Beralih dari masalah cuaca, di Sukabumi masyarakat dalam kesehariannya menggunakan Bahasa Sunda. Sebenernya sama saja dengan di Bogor. Namun, buat Aku yang memang bukan orang asli sunda, menggunakan Bahasa Sunda merupakan hal yang lumayan sulit. Walaupun saat duduk dibangku SD hingga SMA sudah ada mulok Bahasa sunda, namun belum banyak kosakata yang Aku tahu, biasanya hanya menambahkan imbuhan “mah-teh-tah” dan agak sedikit menaik turunkan nada bicara biar terdengar seperti orang sunda.

Sebelum pindah kesini, Aku tinggal di Jakarta. Ya jelas kalo Jakarta – Sukabumi itu beda banget, walaupun kalo di maps hanya berjarak 105km. Jakarta yang terkenal dengan hiruk pikuk nya dan panasnya ketika matahari menjunjung di atas kepala, sangat berbeda dengan Sukabumi yang adem ayem dan lumayan dingin menurut Aku. Proses adaptasi yang kualami dalam beberapa hari kebelakang lumayan singkat, hanya saja kondisi tubuh yang masih belum stabil. Saat tiba pertama kali disini, Aku langsung flu berat. Untungnya ngga yang sampe sakit kepala, Alhamdulillah jadi masih bisa beraktivitas walaupun harus “nyerot-nyerot” ingus yang udah mau keluar ketika lagi ngobrol sama orang.

Rutinitas ketika Aku di Jakarta dengan disini, sangat amat berbeda. Mulai dari pagi hingga malam hari. Pagi hari kalo pas di Jakarta itu bangun, solat subuh, mandi, baca buku, solat duha, berangkat kerja. Nah kalo disini, bangun, solat subuh, baca buku, solat duha, keluar kamar, nyapu, masak, makan. Pekerjaan ku sebagai fasilitator tidak mengharuskan Aku untuk banyak keluar rumah. Hanya ketika ada keperluan dan kegiatan. Kalo dalam sebulan ke depan kaya gini terus, Aku khawatir berat badan ku bisa terus bertambah.

Saat malam hari pun tidak banyak kegiatan yang ku lakukan. Ketika azan maghrib berkumandang aku pergi mushola dekat rumah. Ada kebiasaan unik dengan jamaah solat disini. Mungkin kalo di Bogor ataupun Jakarta biasanya di akhir pembacaan surat Al-Fatihah “bi alaihim waladdhooliin…” seluruh jamaah langsung menyambut dengan “Aamiin…” berbarengan dengan imam. Tapi kalo disini, makmum baru mengucap “aamiin..” setelah imam “aamiin..”. Dan disini juga sepertinya tidak terbiasa dengan salaman dengan orang disamping sampingnya setelah salam dan berdoa bersama seusai solat. Tapi begitulah Indonesia, selalu punya yang berbeda setiap daerah namun tetap satu.

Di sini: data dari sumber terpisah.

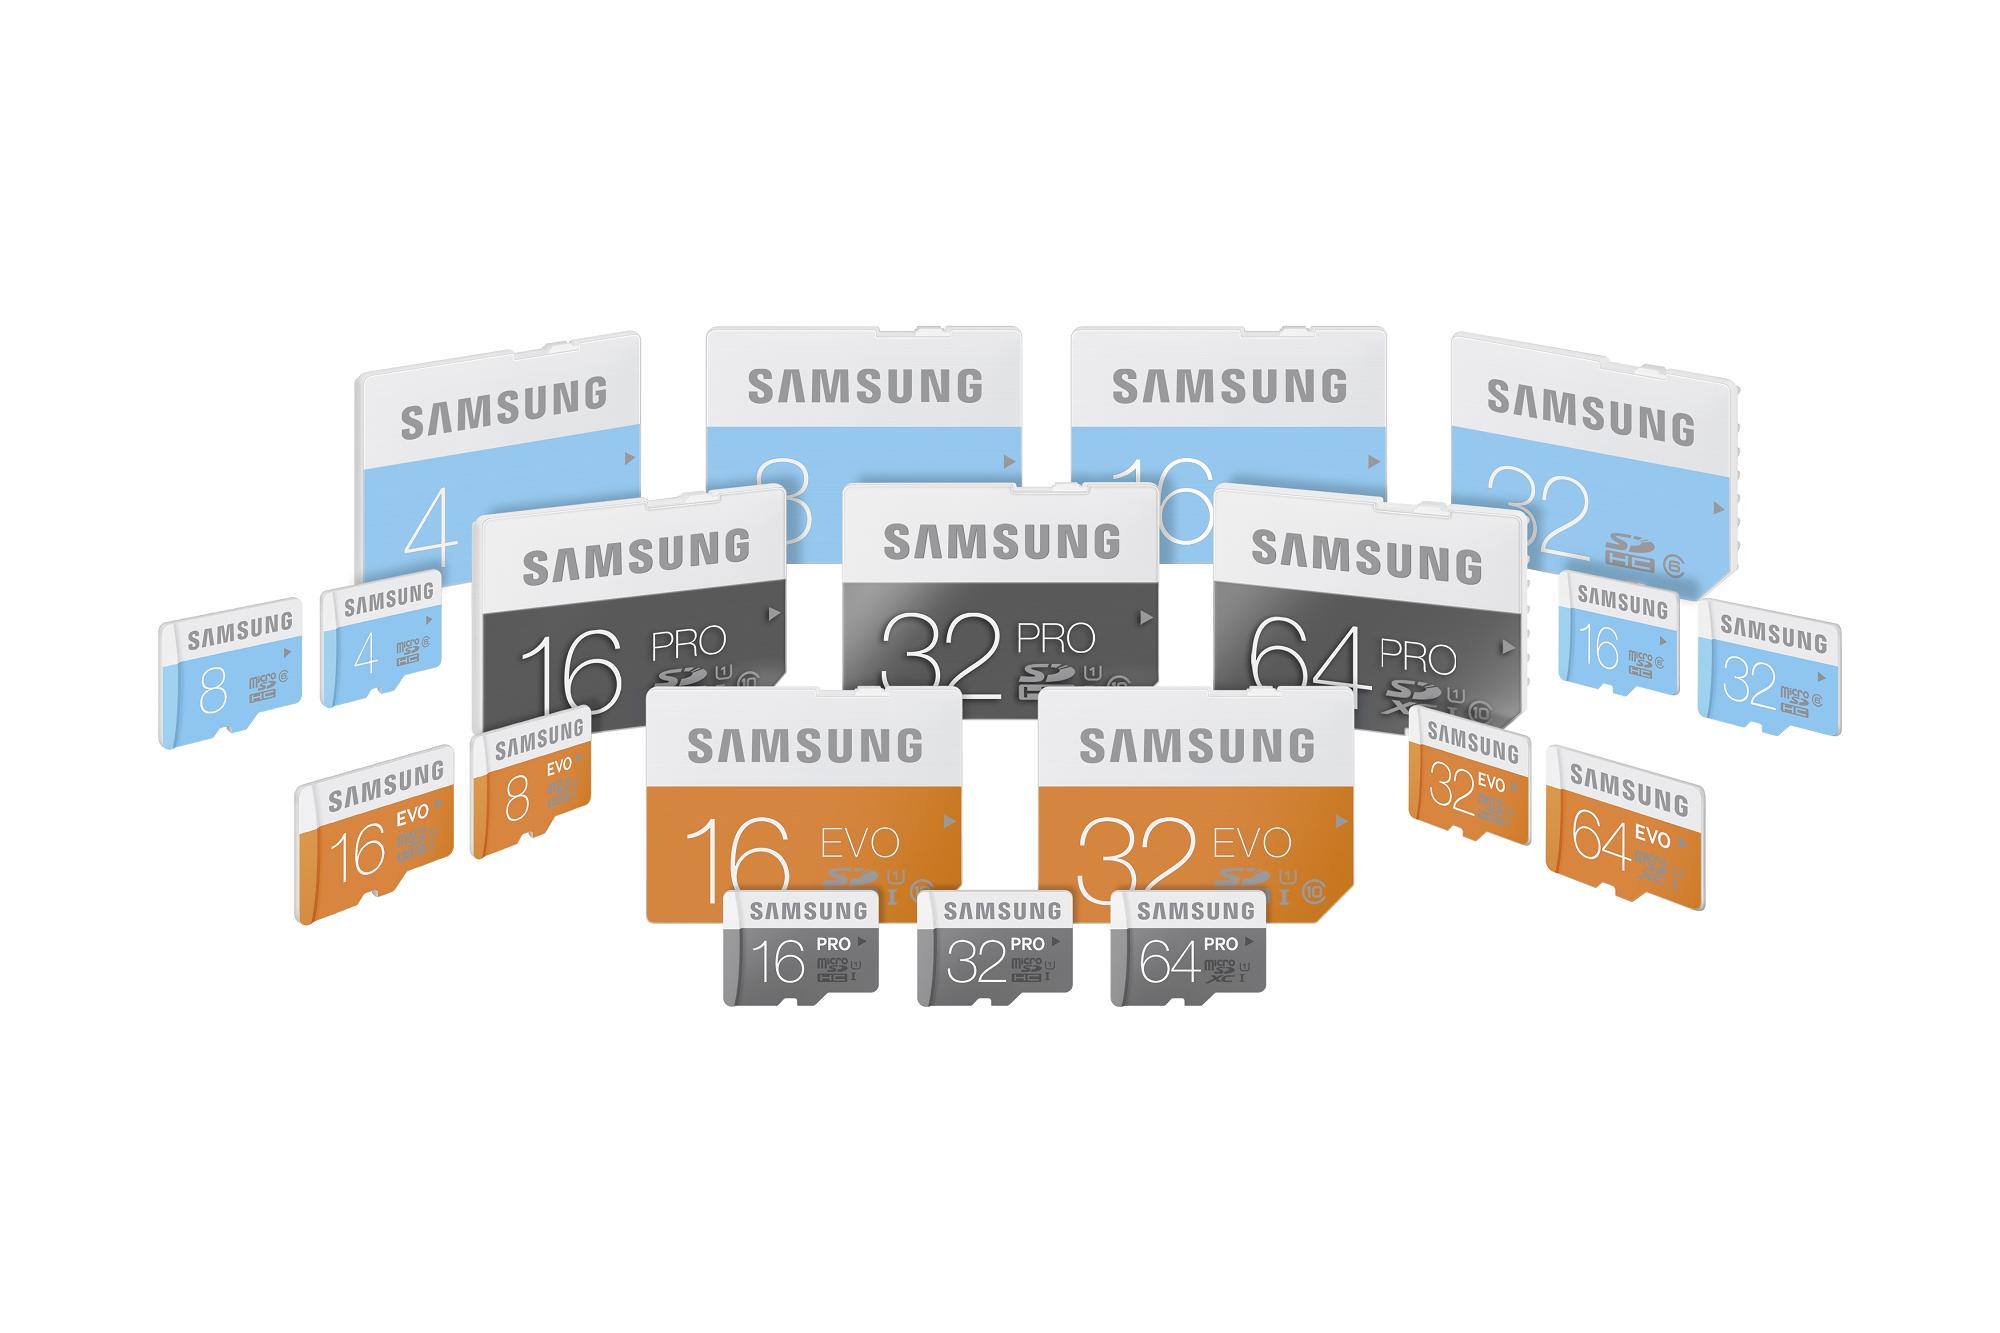 sd karte samsung Samsung stellt neue SD Karten Serien vor: Standard, EVO und PRO

Ternyata memiliki banyak waktu luang harus pandai menggunakannya. Dulu pas di Jakarta rasanya sibuk banget, nyari waktu buat baca buku aja susah rasanya. Disini banyak waktu luang tapi belum pinter manggunakannya. Dari awal niatnya mau banyak baca dan nulis, nyatanya 2 buah buku yang aku bawa dari rumah belum sempat ku habiskan. Padahal dulu di Jakarta novel setebal 300an halaman bisa aku lahap dalam waktu sehari. Di Sukabumi aku justru lebih banyak menggunakan waktu untuk membuka media social dengan aktivitas yang menyedihkan “stalking-in orang”. Buka Instagram udah kaya candu, tiap 10 menit sekali pasti dibuka. Apalagi kalo lagi chat-an sama seseorang, seringnya aku tinggalkan pekerjaan yang lain demi nunggu balesan dari si dia. “Oke ini harus segera diakhiri”, batin ku pagi ini. Sedari pagi aku mencoba untuk mengurangi intensitas membuka medsos dengan menjauhkan HP dari jangkauan dan tidak mengaktifkan suara notifikasi. Belum sempurna memang. Aku masih bisa mengecek WA lewat laptop. Tapi setidaknya aku sedang berusaha. Semoga semua berjalan lancar.